Could you transcribe exactly the lines below, from the line with "2. Pink Whale | 桃色クジラ" through the line with "Boat searchlight -Fotos", and nothing else, leaving out the pictures?

- Given records -
[Start of Attachment]
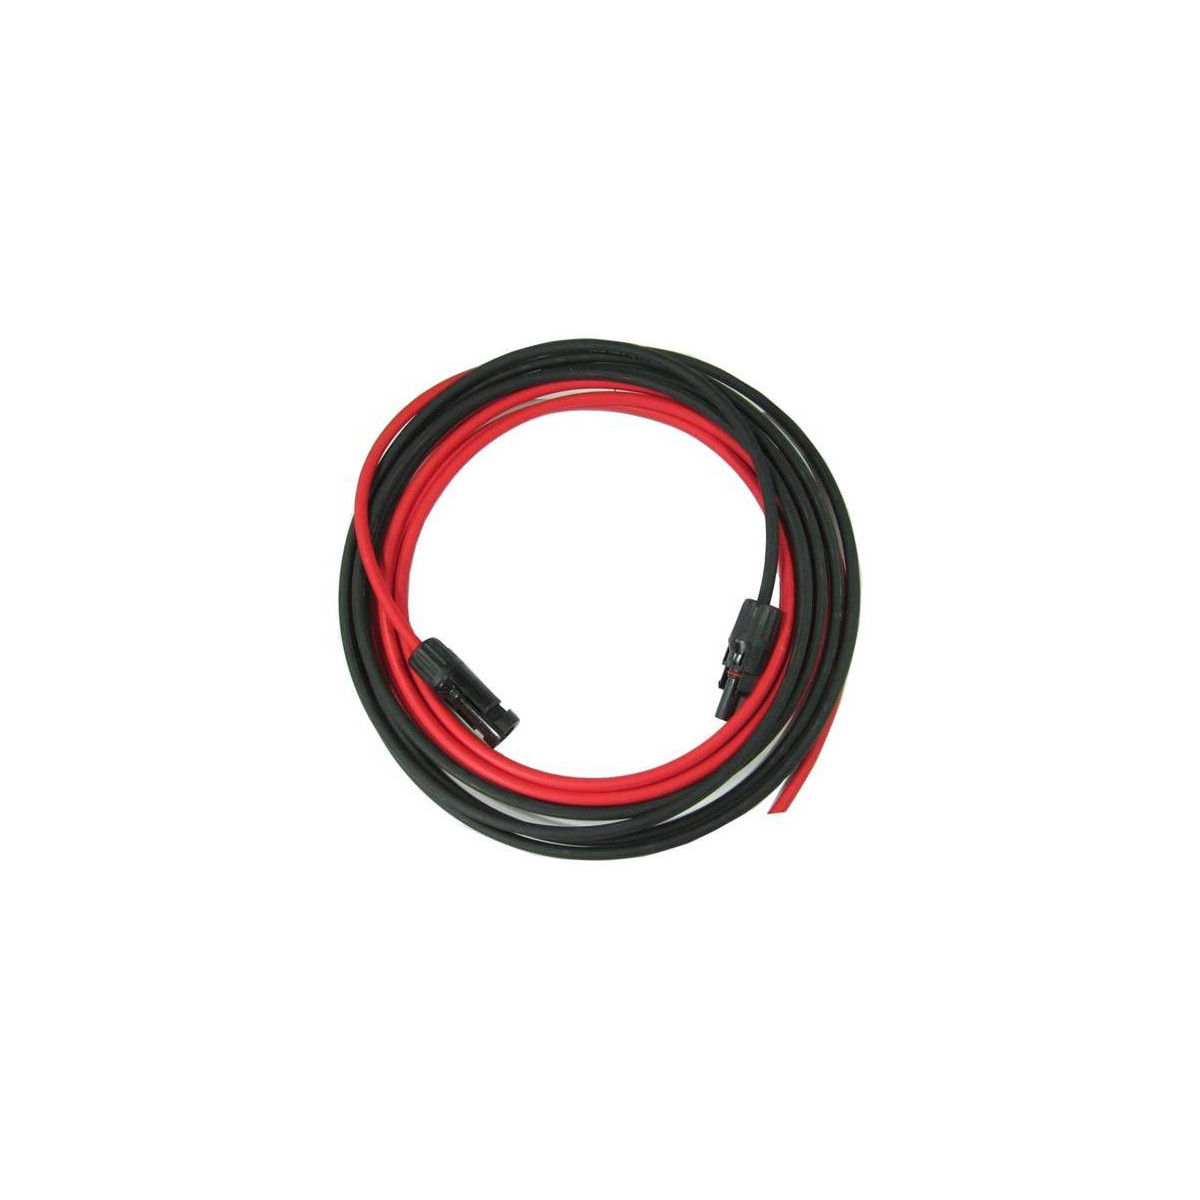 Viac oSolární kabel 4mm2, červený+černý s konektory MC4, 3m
[End of Attachment]
[Start of Attachment]
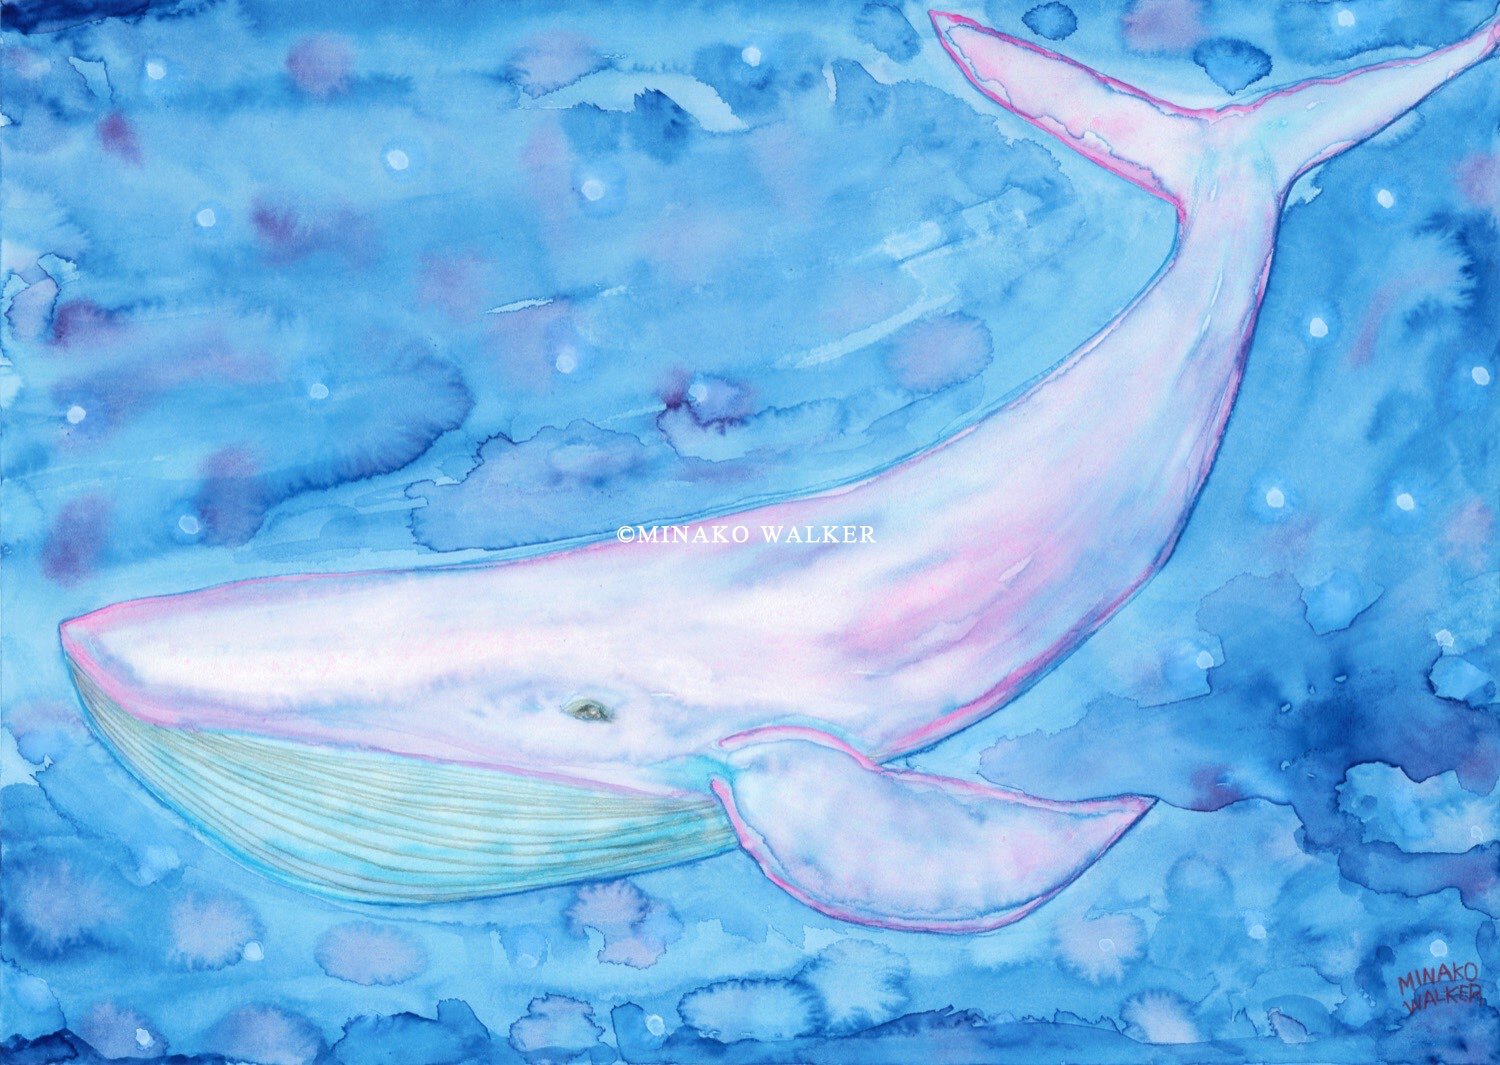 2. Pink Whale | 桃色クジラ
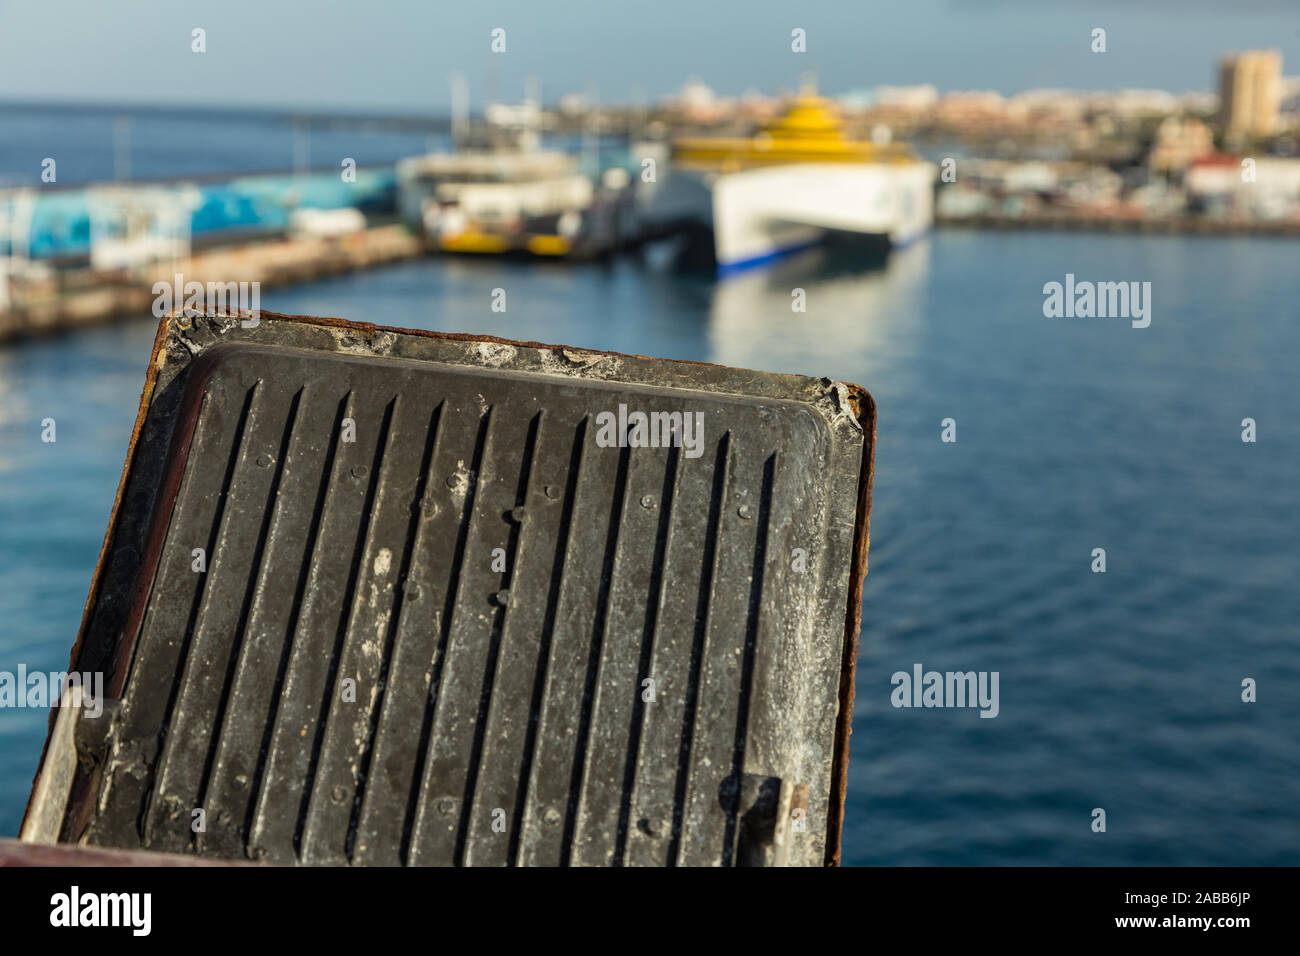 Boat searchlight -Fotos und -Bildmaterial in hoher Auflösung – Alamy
[End of Attachment]
- Task answer -
 2. Pink Whale | 桃色クジラ
 Boat searchlight -Fotos und -Bildmaterial in hoher Auflösung – Alamy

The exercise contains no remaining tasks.